In this case, Wilmoth stipulated that he intended to shoot his wife but not Pugh. He pled guilty to second degree murder of Pugh. As in Stout, Wilmoth's guilty plea to second degree murder removed him from coverage under the policy. Murder in the second degree is the unlawful killing of a human being with malice, but without premeditation and deliberation. State v. Rogers, 299 N.C. 597, 264 S.E.2d 89 (1980). In discussing the element of intent in second degree murder, our Supreme Court said:

While an intent to kill is not a necessary element of second degree murder, the *217 crime does not exist in the absence of some intentional act sufficient to show malice and which proximately causes death. [citations omitted] ... [A]ny act evidencing "wickedness of disposition, hardness of heart, cruelty, recklessness of consequences, and a mind regardless of social duty and deliberately bent on mischief, though there may be no intention to injure a particular person" is sufficient to supply the malice necessary for second degree murder. Such an act will always be accompanied by the general intent to do the act itself but it need not be accompanied by a specific intent to accomplish any particular purpose or do any particular thing. (Emphasis added).

State v. Wilkerson, 295 N.C. 559, 580-581, 247 S.E.2d 905, 917 (1978).

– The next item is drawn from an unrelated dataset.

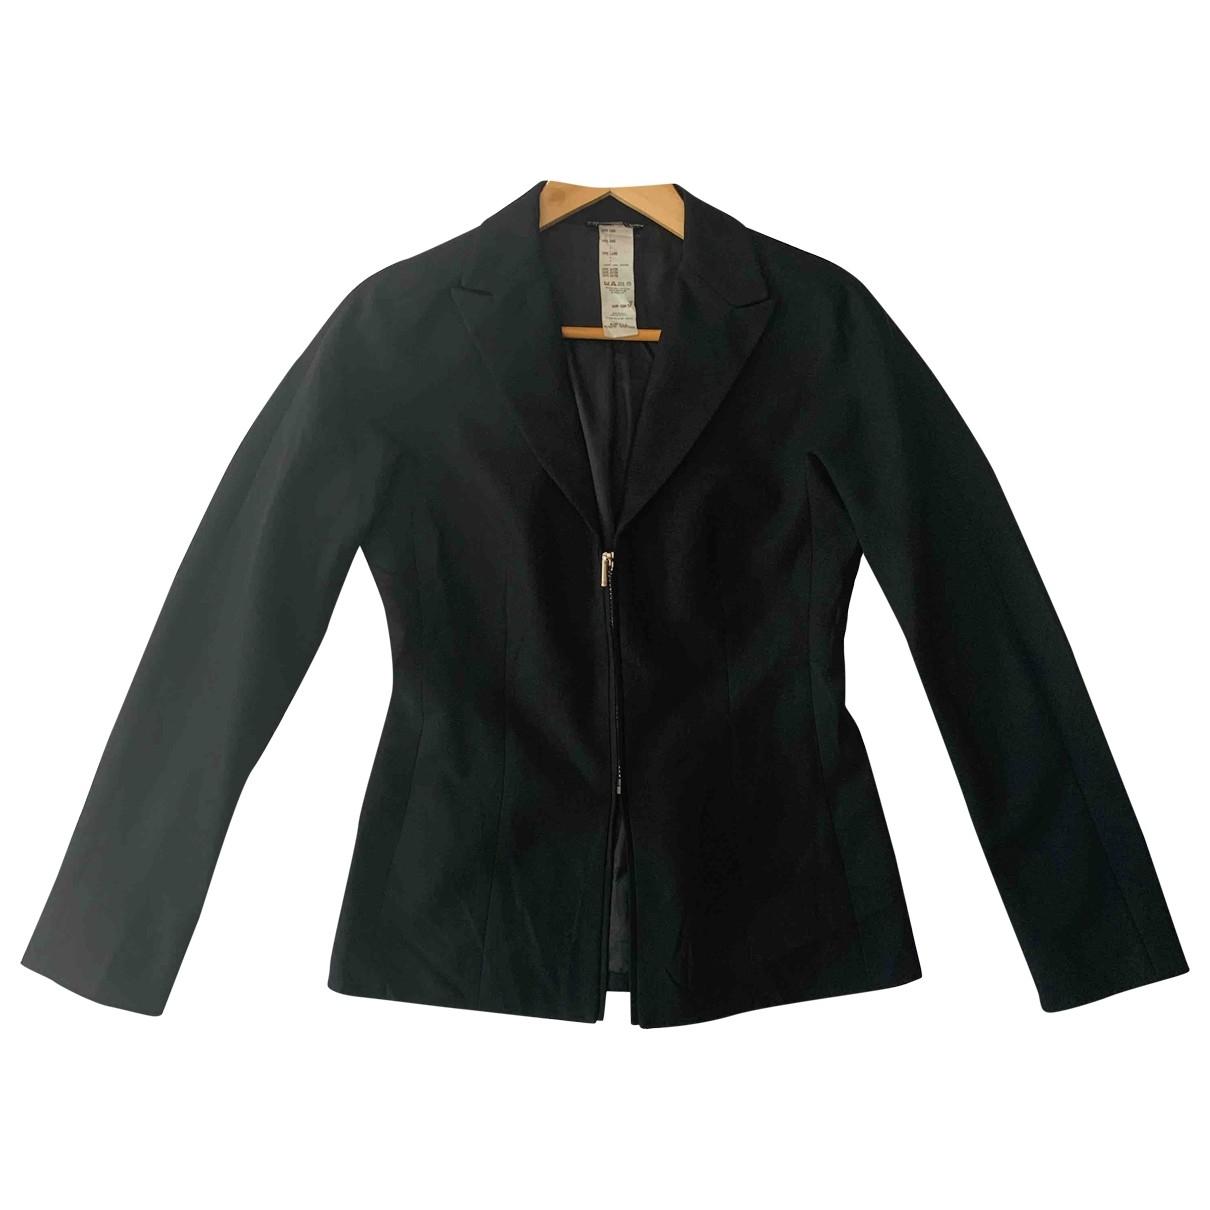 Gianni Versace \N Jacke in  Schwarz Wolle

Wilmoth's guilty plea to second degree murder was an admission that he had the general intent to do the act, and it excluded him from coverage under the insurance policy.

Additionally, the likelihood of one of the bullets hitting Pugh should have been expected by Wilmoth. To expect is to anticipate that something is probable or certain, Webster's Seventh New Collegiate Dictionary (1969), and Wilmoth obviously knew it was probable that he would hit Pugh when he fired four or five shots into her moving car.

As there is no issue of fact and, for the reasons stated above, plaintiff was entitled to judgment as a matter of law, the trial court's entry of summary judgment is

Affirmed.

HILL, J., concurs.

BECTON, J., concurs and files a concurring opinion.

BECTON, Judge, concurring:

I am not convinced that Tommy Wilmoth's guilty plea to the second degree murder of Kay Pugh is conclusive evidence of his intent to inflict bodily injury on Kay Pugh so as to exclude coverage under plaintiff's homeowner's policy No. CZS-295175. Although it is true that a guilty plea in a criminal action may properly be admitted into evidence in a related civil proceeding as an admission against interest, such a plea is not, in my view, determinative of the ultimate factual question in a civil suit. Experienced members of both the bench and bar are aware that pleas are entered for many different reasons. The most common is the most pragmatic: the sobering realization that in many criminal cases a plea of not guilty is a game of chance. The defendant has no control over the dice, and the stakes comprise his freedom.

However, as the majority points out (ante p. 5), that one or both occupants of the car would be severely wounded or killed when Wilmoth wildly and repeatedly fired his .38 into the car should have been expected. Since the policy exempts from coverage expected injuries, Commercial Union was within its rights to deny coverage to Wilmoth.

Accordingly, although the more appropriate ratio decidendi is, in my view, the "expected" consequence policy exclusion, I nevertheless concur in the result reached by the majority.